Obviously, kobold names look something like this. If you've ever seen
a kobold's name, you will immediately know what I mean.

In [3]:
example_names = [
    'Kobbo', 'Alexandro', 'Raiko', 'Zabu',
    'Marvin', 'Ramuso', 'Meepe', 'Blah'
]

example_names

['Kobbo', 'Alexandro', 'Raiko', 'Zabu', 'Marvin', 'Ramuso', 'Meepe', 'Blah']

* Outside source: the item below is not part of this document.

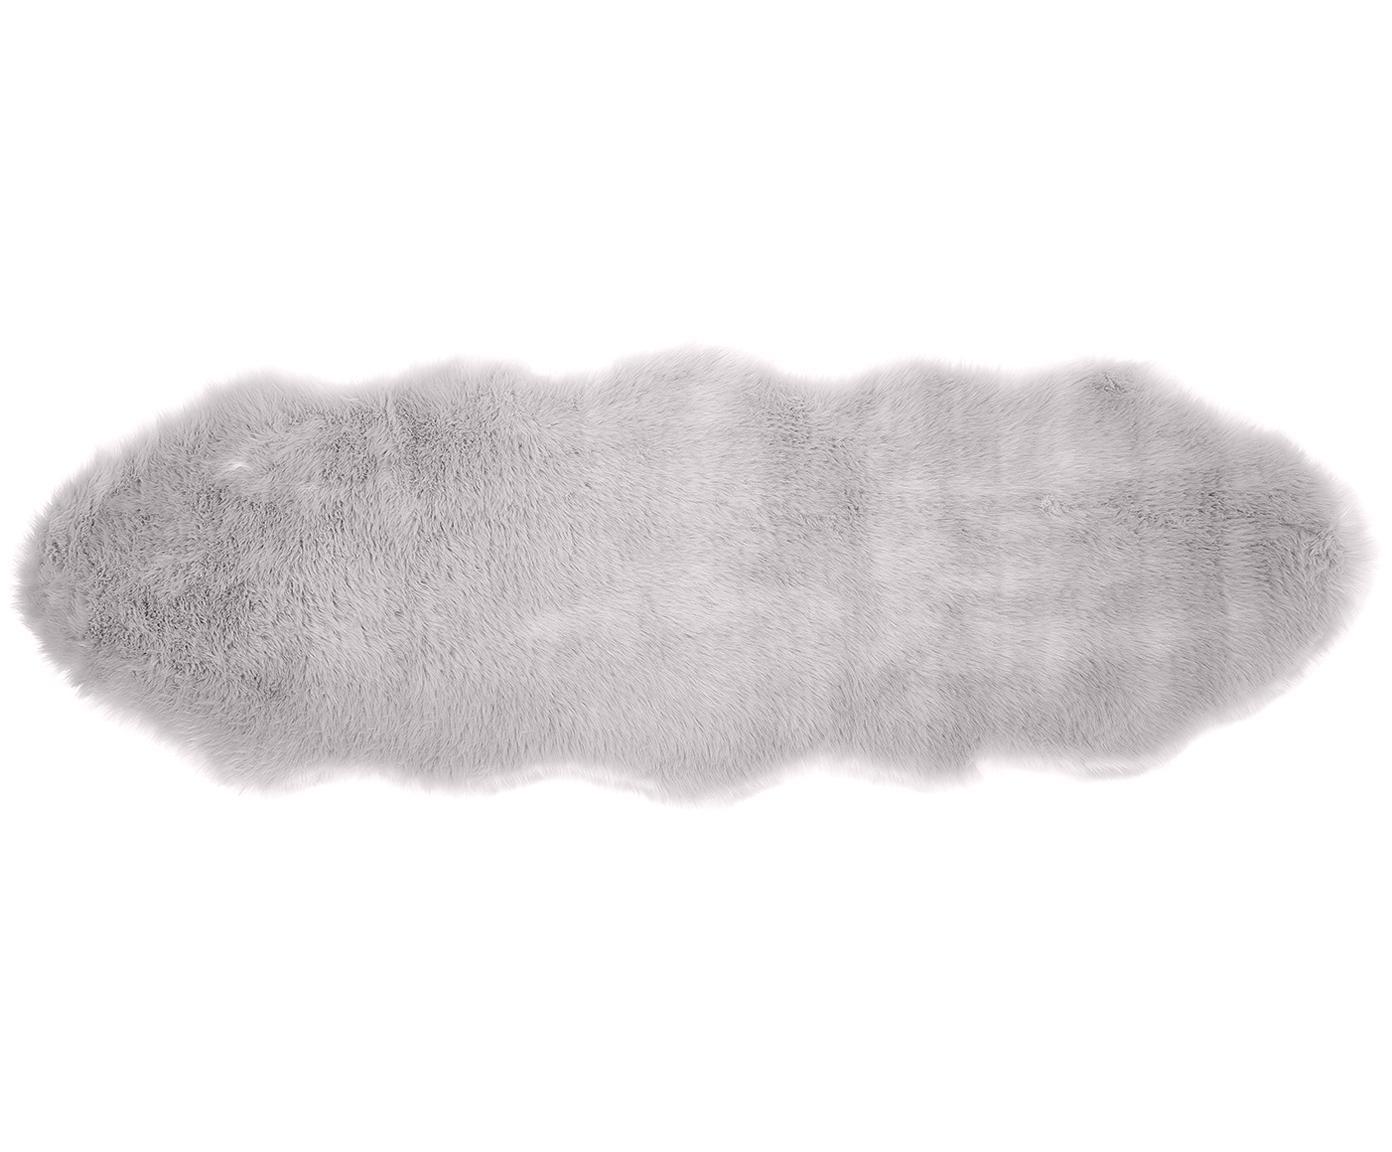 Tappeto in ecopelliccia liscia Mathilde, Retro: 100% poliestere, Grigio chiaro, Larg. 60 x Lung. 180 cm

These are good, gender-neutral names, very fitting for our task.

## Training

Let's now setup the machine learning model.

In [19]:
from sklearn.feature_extraction.text import CountVectorizer
from scipy.sparse import csr_matrix
import numpy as np

# Step 1: Feature Extraction using character n-grams
vectorizer = CountVectorizer(analyzer='char', ngram_range=(2, 4))
X: csr_matrix = vectorizer.fit_transform(example_names)

X

<Compressed Sparse Row sparse matrix of dtype 'int64'
	with 84 stored elements and shape (8, 82)>

But what is Compressed Sparse Row sparse matrix of dtype 'int64'?

In [20]:
type(X)

scipy.sparse._csr.csr_matrix

It's a [Compressed Sparse Row matrix](https://docs.scipy.org/doc/scipy/reference/generated/scipy.sparse.csr_matrix.html),
a data type from SciPy — a space-efficient representation of a matrix.

In [21]:
for x in X:
    print(x)

<Compressed Sparse Row sparse matrix of dtype 'int64'
	with 9 stored elements and shape (1, 82)>
  Coords	Values
  (0, 38)	1
  (0, 58)	1
  (0, 18)	1
  (0, 23)	1
  (0, 39)	1
  (0, 59)	1
  (0, 19)	1
  (0, 40)	1
  (0, 60)	1
<Compressed Sparse Row sparse matrix of dtype 'int64'
	with 21 stored elements and shape (1, 82)>
  Coords	Values
  (0, 6)	1
  (0, 43)	1
  (0, 32)	1
  (0, 76)	1
  (0, 12)	1
  (0, 55)	1
  (0, 25)	1
  (0, 67)	1
  (0, 7)	1
  (0, 44)	1
  (0, 33)	1
  (0, 77)	1
  (0, 13)	1
  (0, 56)	1
  (0, 26)	1
  (0, 8)	1
  (0, 45)	1
  (0, 34)	1
  (0, 78)	1
  (0, 14)	1
  (0, 57)	1
<Compressed Sparse Row sparse matrix of dtype 'int64'
	with 9 stored elements and shape (1, 82)>
  Coords	Values
  (0, 38)	1
  (0, 62)	1
  (0, 3)	1
  (0, 35)	1
  (0, 63)	1
  (0, 4)	1
  (0, 36)	1
  (0, 64)	1
  (0, 5)	1
<Compressed Sparse Row sparse matrix of dtype 'int64'
	with 6 stored elements and shape (1, 82)>
  Coords	Values
  (0, 79)	1
  (0, 0)	1
  (0, 24)	1
  (0, 80)	1
  (0, 1)	1
  (0, 81)	1
<Compressed Spa

Most of the matrix is filled with zeroes, and only in some places
there are ones.

In [22]:
from sklearn.mixture import GaussianMixture

# Step 2: Train a Gaussian Mixture Model
gmm = GaussianMixture(n_components=6, random_state=42)
gmm.fit(X.toarray())

> ***But what is Gaussian Mixture and why do I need it?!***
> 
> For now I have no idea..

Ahem, anyway, let's now perform the *inference* of our model.

In [28]:
sample = gmm.sample(10)

sample

(array([[ 5.97720467e-04,  2.55948803e-03, -7.03343802e-04,
          1.00213962e+00,  1.00049018e+00,  1.00139488e+00,
          5.97548420e-04, -5.04414161e-04,  5.85878710e-04,
         -7.67321415e-04, -1.07812384e-03,  5.23438719e-04,
         -1.05118623e-04,  3.77562060e-04, -1.52161283e-03,
         -1.22280128e-03,  2.48549341e-04,  2.30587683e-04,
         -1.62207656e-04, -1.56466897e-03, -2.38136181e-03,
          5.37754949e-04,  4.68540672e-04,  1.76736024e-04,
         -8.90496245e-04, -4.45338493e-04, -1.66887075e-05,
         -2.36493588e-03,  8.07198758e-04,  1.26353626e-03,
          9.30494014e-04,  1.04720714e-04,  3.29330350e-05,
          3.39847263e-04,  1.38140990e-03,  9.99028044e-01,
          1.00148301e+00,  2.04588852e-04,  9.98638136e-01,
          2.00360776e-03,  2.65654375e-04, -2.66968804e-05,
          3.49630671e-06, -1.36904994e-03, -9.38091138e-04,
         -7.85457743e-04,  1.26419539e-03, -1.43113076e-03,
         -2.91113300e-04,  2.21551265e-0

I have no idea what this means. :c

## Conclusion

I haven't learned anything. I lack some background knowledge I believe.